В аду – каждый день лунное затмение.
И на завтрак блинчики с черникой и взбитыми сливками.
В аду Беннет что-то бессмысленно зудит над ухом, зараженная нездоровым энтузиазмом, и бесконечное количество времени не дает выбирать, чем заняться, только – думать-думать-думать. Прокручивать в голове снова и снова свои земные грехи, вспоминать их, словно воочию переживать заново сотни смертей, и гадать, за какую же именно ты здесь. Пожалуй, за все сразу. И за ту, что случилась десятого мая того самого года, - особенно.

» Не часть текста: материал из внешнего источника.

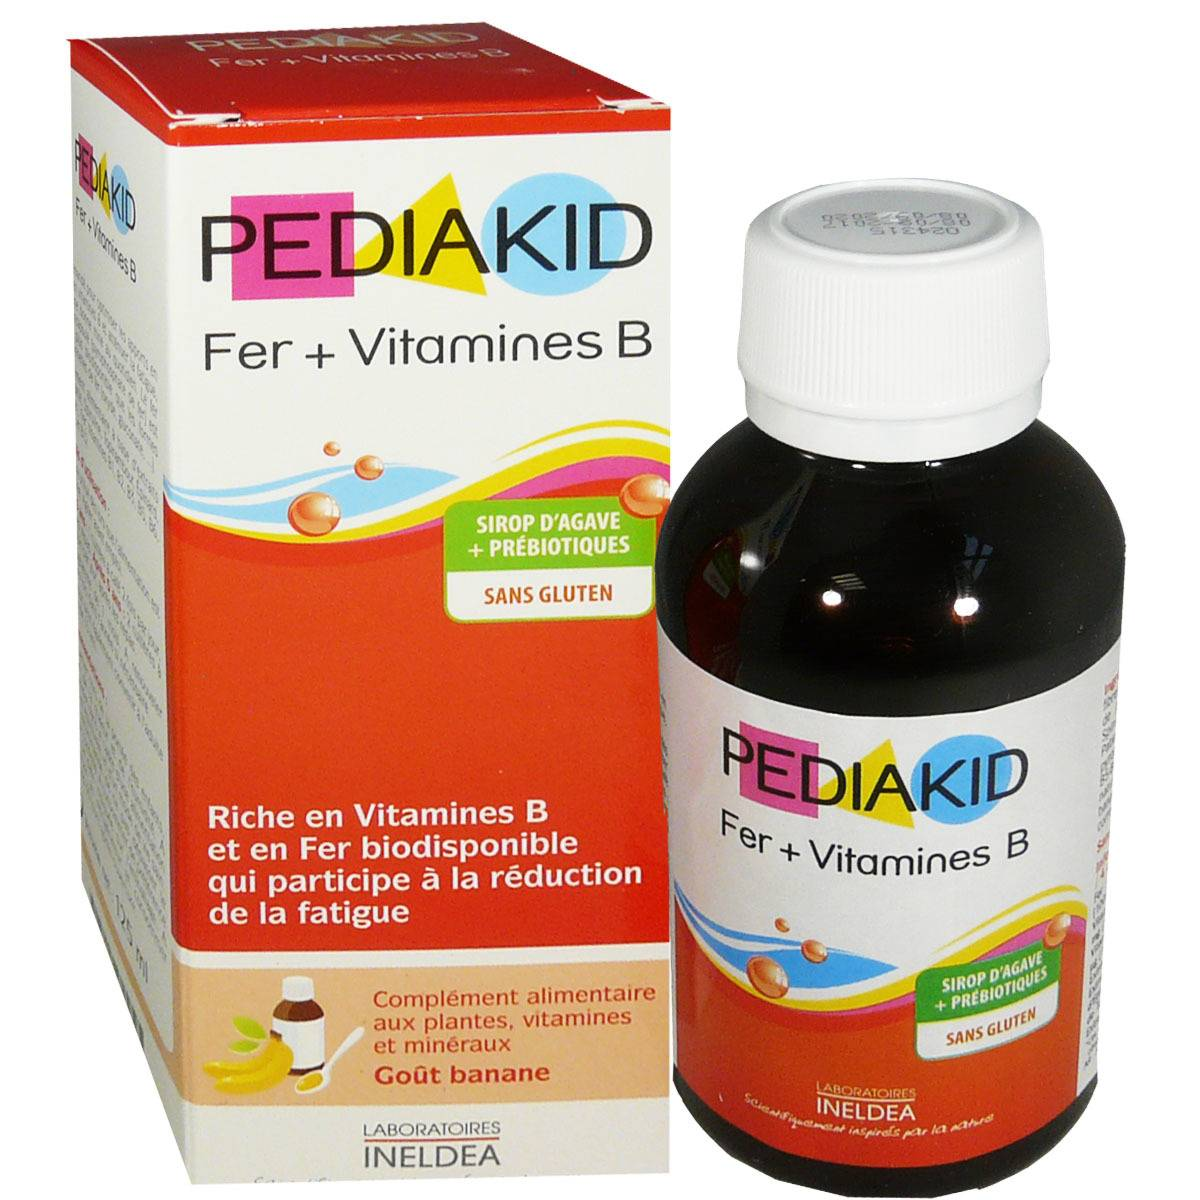 INELDEA Pediakid fer + vitamines b sans gluten 125 ml gout banane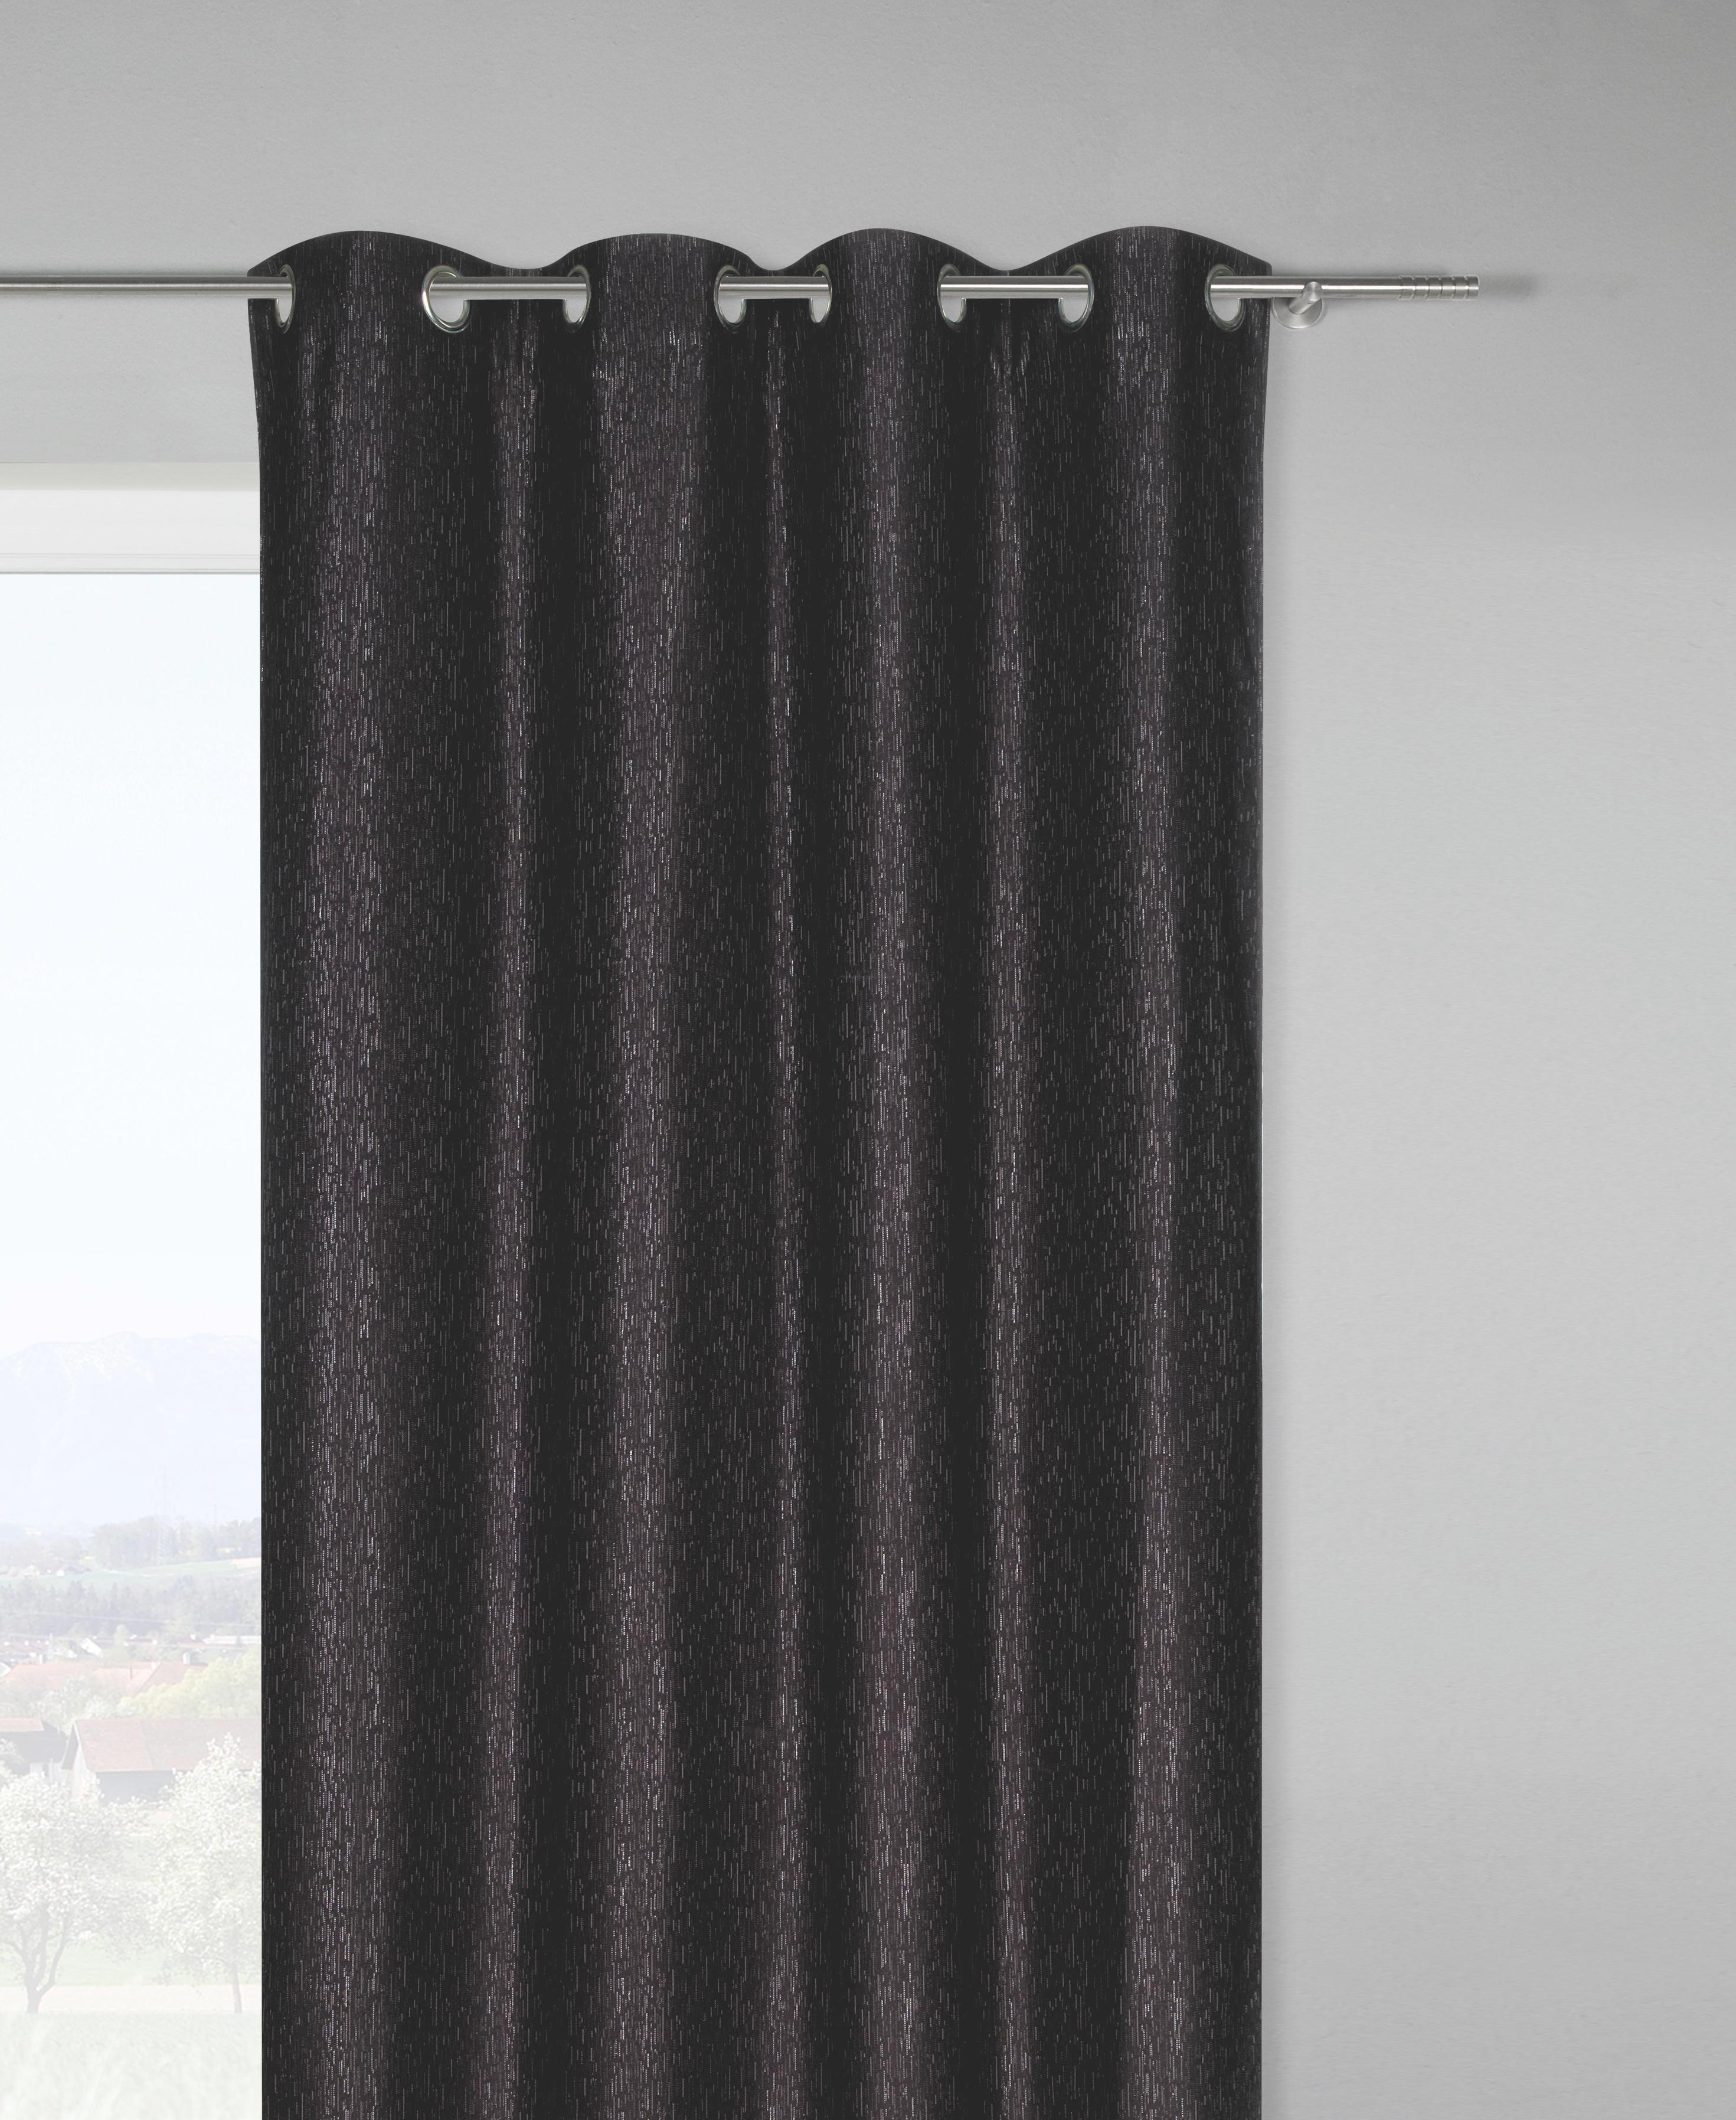 Készfüggöny Martin - fekete, Lifestyle, textil (140/245cm) - MÖMAX modern living

В аду – пустыня, и так хорошо без лишних людей вокруг, что это, пожалуй, сошло бы за рай. Если бы не было злючки Беннет и постоянного напоминания - о друзьях, что ушли, и о людях, что были убиты, о брате, с которым всегда словно по разные стороны лезвия одного клинка, и о девушке, любовь к которой похожа на болезнь, на пустивший метастазы рак. Услышь Бонни сравнение, непременно сказала бы, что это рак мозга, и тут уже ничем не помочь.
Ты улыбаешься каждый день. Отпускаешь свои привычно злые-пошлые-острые шутки и с удовольствием смотришь, как она сердится, хмурится, щурится, язвит в ответ и уверенно, взросло, по-женски легко отбивает обидки, не стесняясь щипать за больные места. Изменилась она, эта Беннет. Отложены куда-то в сторону детская вера в справедливость и излишняя самоуверенность, и в дальнем ящике пылится страстная ненависть, принесенная ведьминской кровью. Теперь уже незачем все это, теперь вы вместе в твоем аду.
Или ее…
- Доброе утро, - она садится на стул напротив, и ты жадно вглядываешься в ее лицо, словно не видишь каждый-чертов-ненавистный-повторяющийся день.
У нее глаза-омуты зеленее некуда, чувственные пухлые губы – она покусывает их, когда задумывается.
- Опять? – она смеется, увидев в тарелке блинчик, и утыкается в кроссворд.
Она – единственная причина, по которой ты уверен, что это не сошел с ума. Она – это единственное, почему ты все еще надеешься выбраться, и почему ты сомневаешься, что это ад. Вряд ли бы кто-то сверху так поступил с хорошей, милой Бонни Беннет и отправил ее в твою преисподнюю. Или она – это лишь один из кругов…
- Как насчет фильма? – она поднимает голову от газеты и смотрит несколько секунд, не мигая, словно возвращаясь в реальность.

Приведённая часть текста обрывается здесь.